You can put all agents' attributes and results into a pandas DataFrame for analysis. Also, if logging was enabled before the simulation, it is possible to retrieve the past states of an agent as follows:

In [15]:
# Retrieves all rounds and variables (match_count and happiness):
print(reported_agent.get_logs())

# This retrieves the happiness value for the third round's ending. Log ID is 1-based and
# indicates the round number.
print(reported_agent.get_logs(log_id=3, variables=["happiness"]))

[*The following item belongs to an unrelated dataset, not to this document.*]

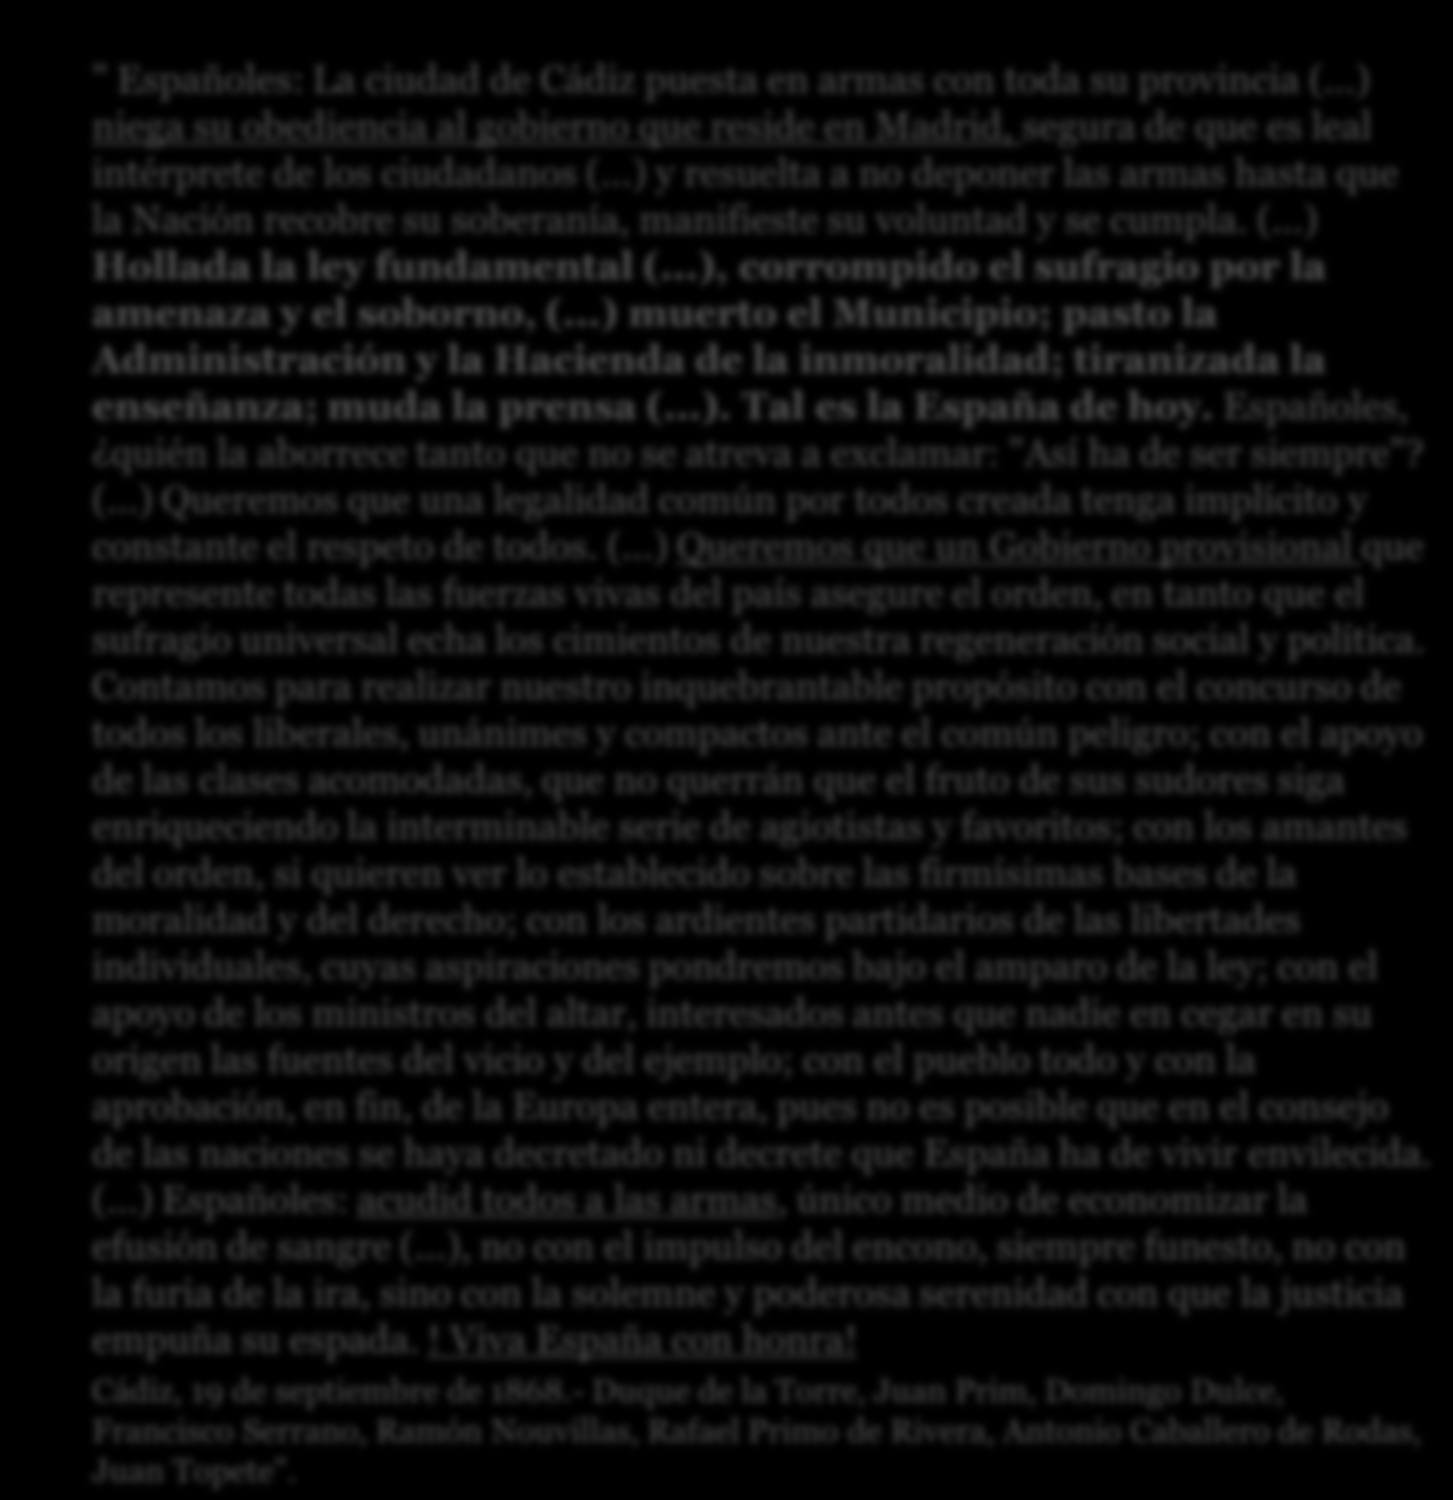 La revolución: la Gloriosa Septiembre de 1868 Protagonistas: Topete, Prim y Serrano 2.
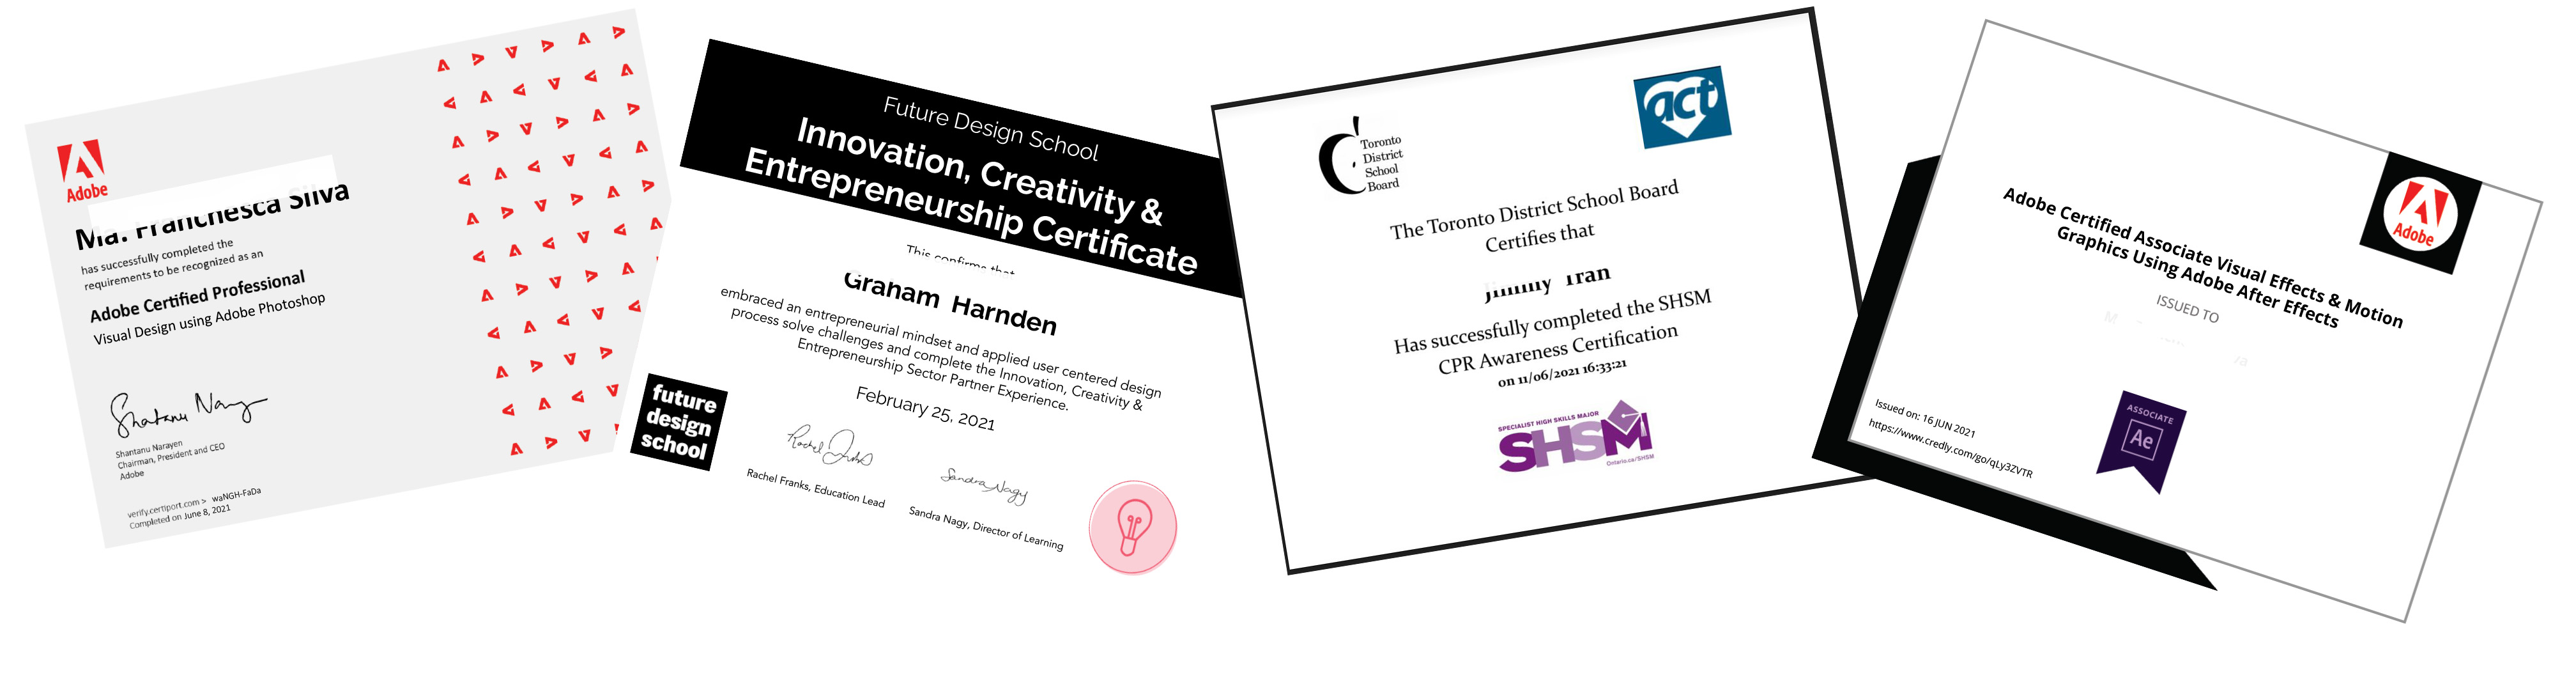 SHSM certification banner

{'match_count': {1: 13, 2: 15, 3: 17, 4: 18, 5: 18, 6: 18, 7: 18, 8: 18, 9: 18, 10: 18}, 'happiness': {1: 47.582190551992035, 2: 54.635216687050644, 3: 61.53679236021338, 4: 64.89399280009835, 5: 64.89399280009835, 6: 64.89399280009835, 7: 64.89399280009835, 8: 64.89399280009835, 9: 64.89399280009835, 10: 64.89399280009835}}
{'happiness': 61.53679236021338}


### Behind the curtain

When you run a simulation round as shown above using `PreferentialAgentMatcher.run_new_round()`, the most important operations that take place in the background are as follows:

*   `PreferentialAgentMatcher` increments its round counter and prepares itself for a new round.
*   If recalculation is enabled, `PreferentialAgentMatcher` recalculates the compatibilities and therefore recommendation priorities for agents.
*   For each `Agent` object in the matcher:
    *   `Agent` is informed about the new round.
    *   Fresh candidates that were not previously evaluated by the agent are identified.
    *   These new candidates' public details (ID, attractiveness, reported attributes) are provided to the agent.
    *   Agent uses their strategy object to like or pass each candidate in the order they were provided. These likes and passes are recorded.
* Round likes and passes are processed. New reciprocal likes are detected (it is possible for an agent to like another agent and get liked many rounds later) and the agents are informed.
*   If logging is enabled, all agents' states are logged.